We’re not quite done setting up the project yet. In Python, we’ll often use libraries as part of our project. Libraries are like packages that contain additional functionality for our project. In our case, we’ll use two libraries: Beautiful Soup, and Requests. The Request library allows us to make requests to urls, and access the data on those HTML pages. Beautiful Soup contains some easy ways for us to identify the tags we discussed earlier, straight from our Python script.

If we installed these packages globally on our machines, we could face problems if we continued to develop other applications. For example, one program might use the Requests library, version 1, while a later application might use the Requests library, version 2. This could cause a conflict, making either or both applications difficult to run.

To solve this problem, it’s a good idea to set up a virtual environment. These virtual environments are like capsules for the application. This way we could run version 1 of a library in one application and version 2 in another, without conflict, if we created an virtual environment for each application.

First let’s bring up the terminal window, as the next few commands are easiest to do from the terminal. On OS X, we’ll open the Applications folder, then open the Utilities folder. Open the Terminal application. We may want to add this to our dock as well.

On Windows, we can also find terminal/command line by opening our Start Menu and searching. It’s simply an app located at C:\Windows\System32.
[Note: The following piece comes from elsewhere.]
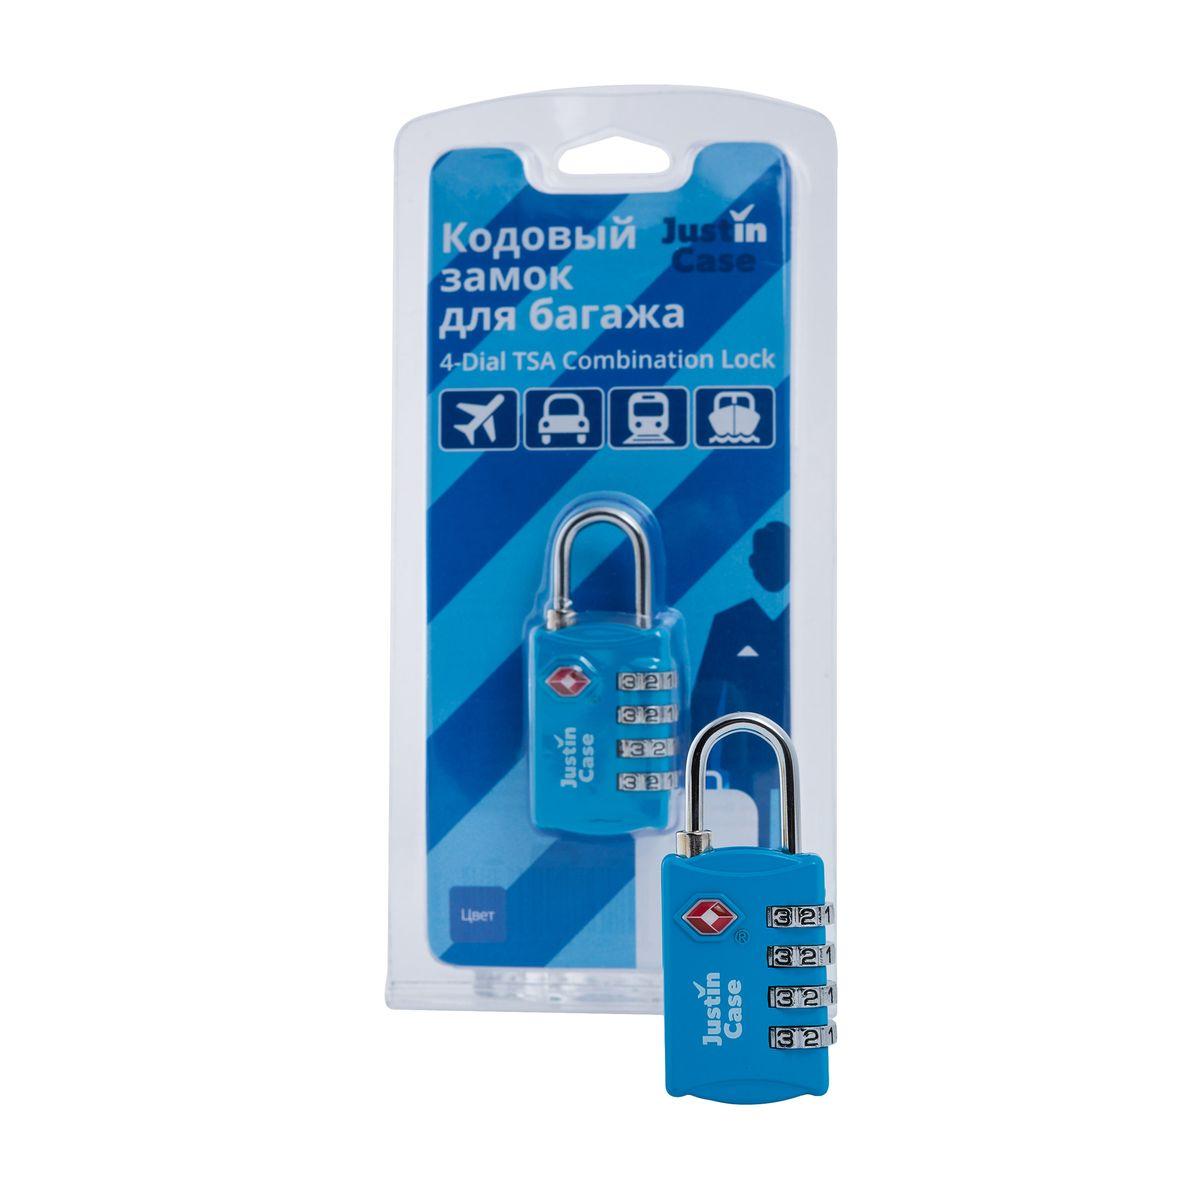 """Еще один вариант защиты багажа - компактный кодовый багажный замок. Кодовый замок JustinCase """"4-Dial TSA Combination Lock"""" отличается от обычного тем, что вы можете установить собственную, известную только вам комбинацию цифр, без которой кодовый замок для багажа просто не откроется. Замок этот очень прочен – изготовлен из цинкового сплава. Если в вашем багаже есть хоть одна ценная вещь, такой замок позволит вам спокойно сдавать чемоданы и сумки багажным службам."""

Now that we have the terminal open we should navigate to our project folder and use the following command to build the virtual environment:

python3 -m venv tutorial-env

This step creates the virtual environment, but right now it’s just dormant. In order to use the virtual environment, we’ll also need to activate it. We can do this by running the following command in our terminal:

On Mac:

source tutorial-env/bin/activate

Or Windows:

tutorial-env\Scripts\activate.bat

3 Python Libraries

3.a. Installing Libraries

Now that we have our virtual environment set up and activated, we’ll want to install the Libraries we mentioned earlier. To do this, we’ll use the terminal again, this time installing the Libraries with the pip installer. Let’s run the following commands:

Install Beautiful Soup:

pip install bs4

Install Requests:

pip install requests

And we’re done. Well, at least we have our environment and Libraries up and running.

3.b. Importing Installed Libraries

First, let’s open up our webscraper.py file. Here, we’ll set up all of the logic that will actually request the data from the site we want to scrape.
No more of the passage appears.